Single by Snoop Dogg

from the album Da Game Is to Be Sold, Not to Be Told
- Released: August 18, 1998
- Recorded: 1997
- Genre: G-funk;
- Length: 4:20
- Label: No Limit; Priority;
- Songwriter: Calvin Broadus;
- Producer: Meech Wells

Snoop Dogg singles chronology
| "Only in California" (1997) | "Still a G Thang" (1998) | "Come and Get with Me" (1998) |

Music video
- "Still a G Thang" on YouTube

= Still a G Thang =

1998 single by Snoop Dogg

"Still a G Thang" is a song by American rapper Snoop Dogg.

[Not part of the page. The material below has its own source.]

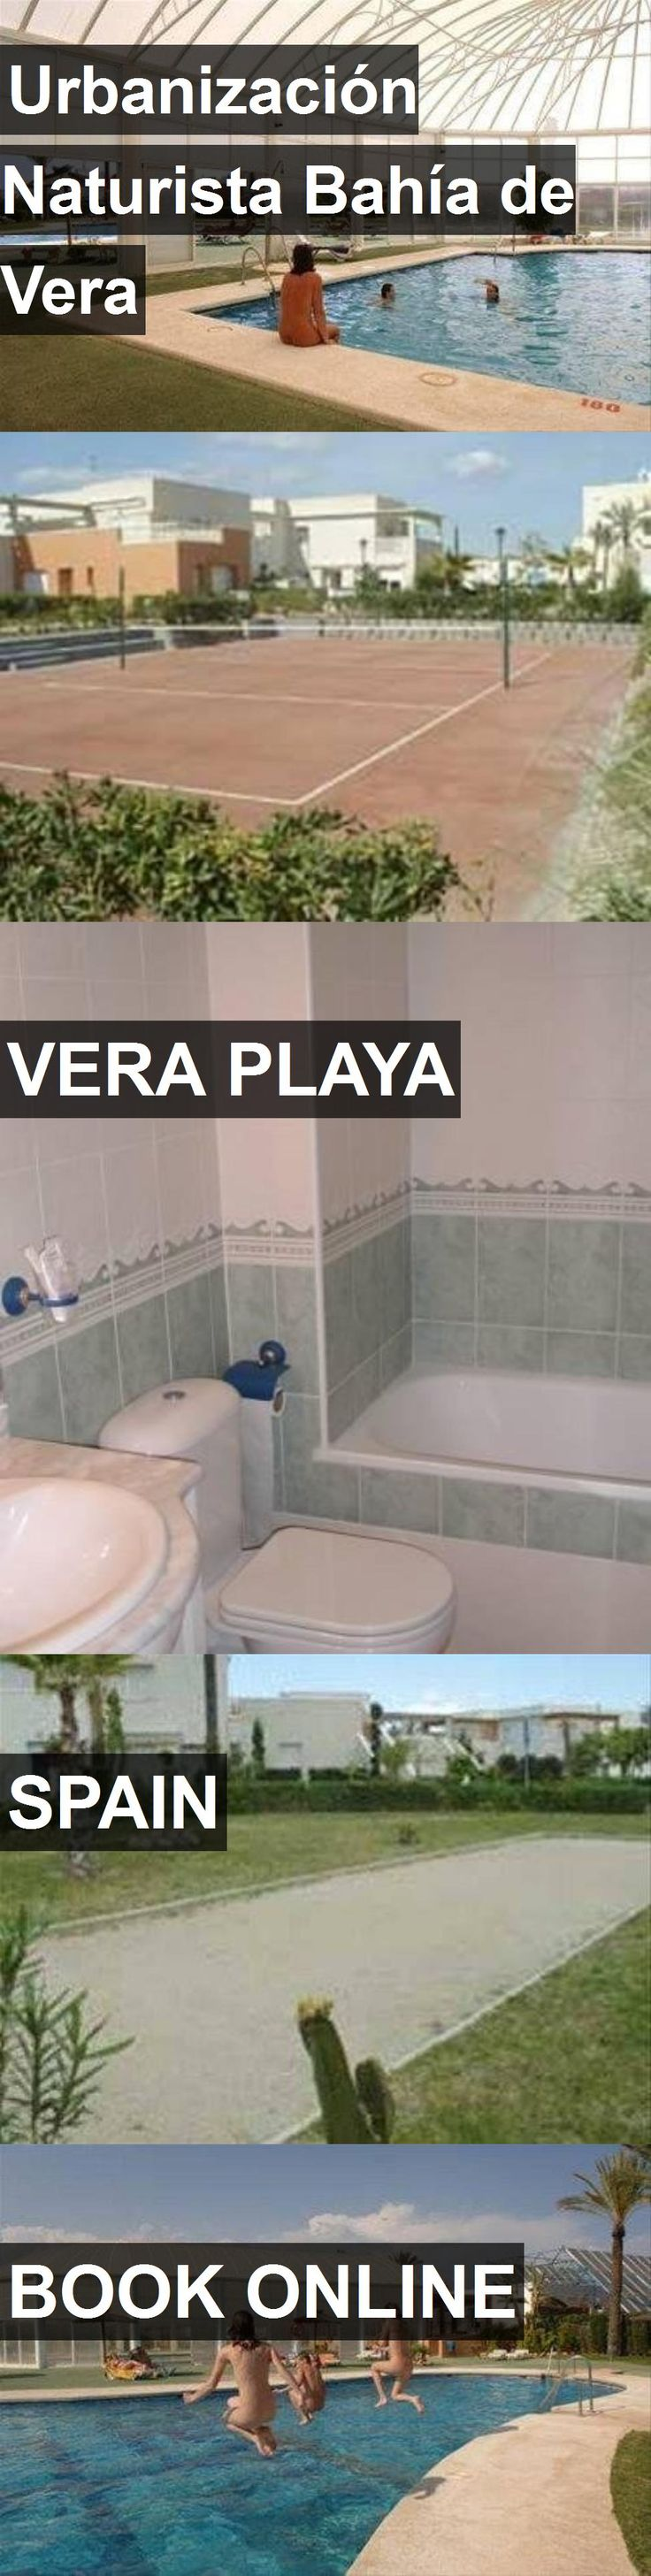 Hotel Urbanización Naturista Bahía de Vera in Vera Playa, Spain. For more information, photos, reviews and best prices please follow the link. #Spain #VeraPlaya #UrbanizaciónNaturistaBahíadeVera #hotel #travel #vacation

It was released on August 18, 1998 as the first single of his third studio album Da Game Is to Be Sold, Not to Be Told, with the record labels; No Limit Records and Priority Records. It was produced by Meech Wells. It is the sequel to the 1992 hit single "Nuthin' but a 'G' Thang", which appears on Dr. Dre's debut solo album, The Chronic (1992).

==Music video==
The video is also the soundtrack for Snoop Dogg's 1998 short film Da Game of Life. The video features scenes from the motion picture, with both the film and video directed by Michael Martin.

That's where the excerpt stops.